WHAT YOU SHOULD DO:
Could you reproduce, from the records below, everything from the line with "Schöne Innenvase aus" down to the line with "Die Vase wurde", keeping both of those lines and changing nothing?

SUPPLIED DATA:
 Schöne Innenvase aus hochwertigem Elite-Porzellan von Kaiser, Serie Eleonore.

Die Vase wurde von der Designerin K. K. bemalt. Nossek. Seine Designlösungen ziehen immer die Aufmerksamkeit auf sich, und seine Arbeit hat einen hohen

--

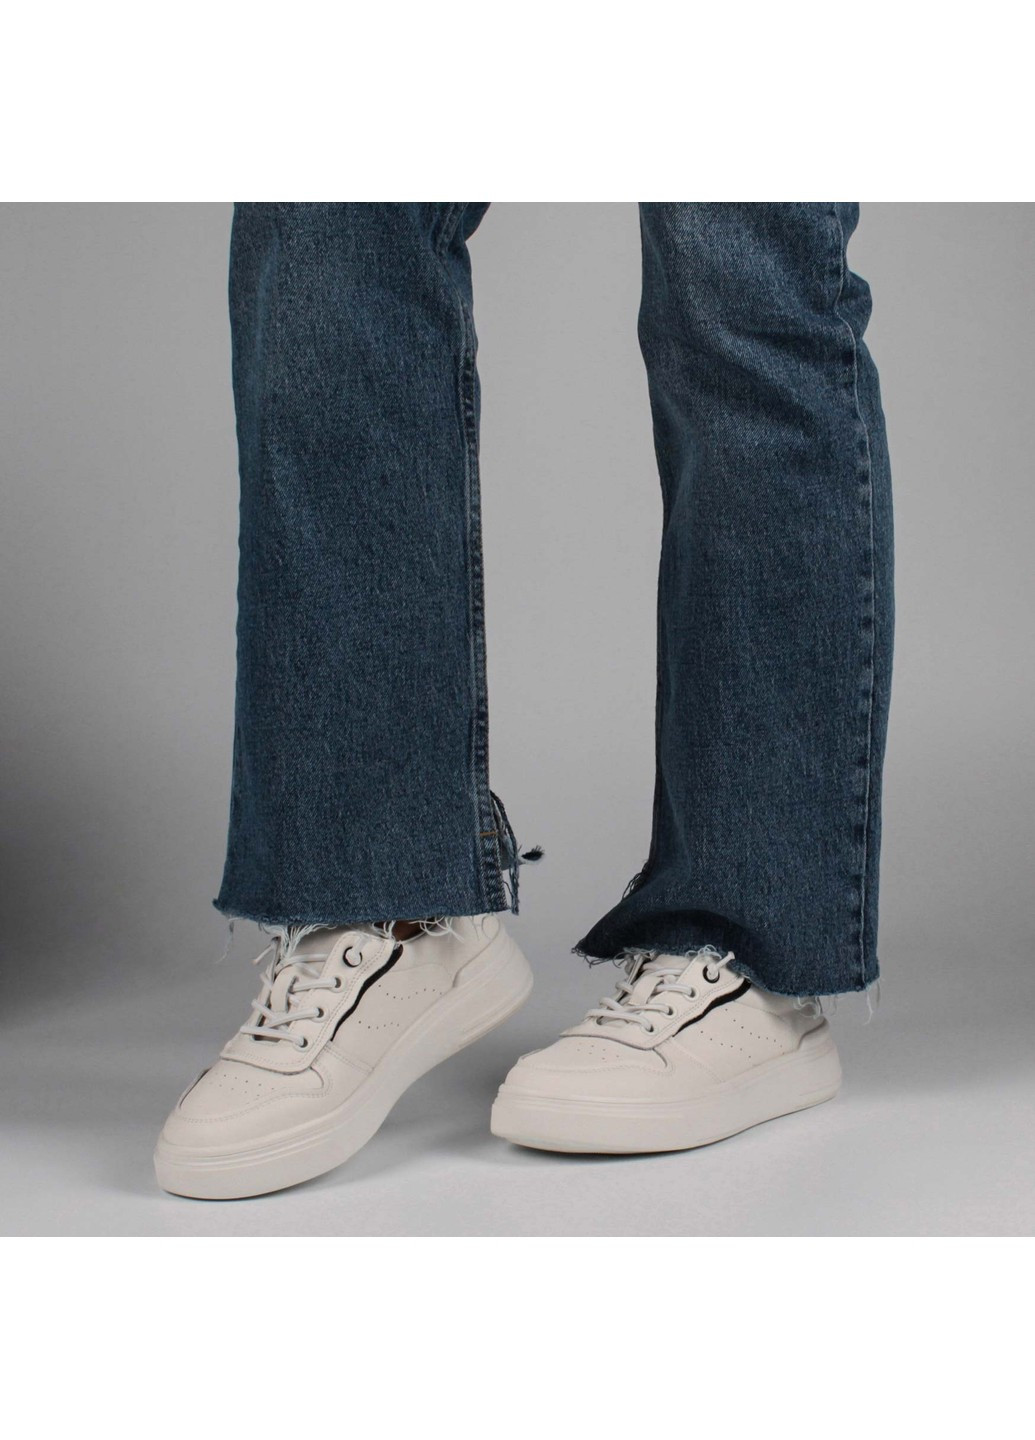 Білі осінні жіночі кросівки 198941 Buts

SOLUTION FOR THIS TASK:
 Schöne Innenvase aus hochwertigem Elite-Porzellan von Kaiser, Serie Eleonore.

Die Vase wurde von der Designerin K. K. bemalt. Nossek. Seine Designlösungen ziehen immer die Aufmerksamkeit auf sich, und seine Arbeit hat einen hohen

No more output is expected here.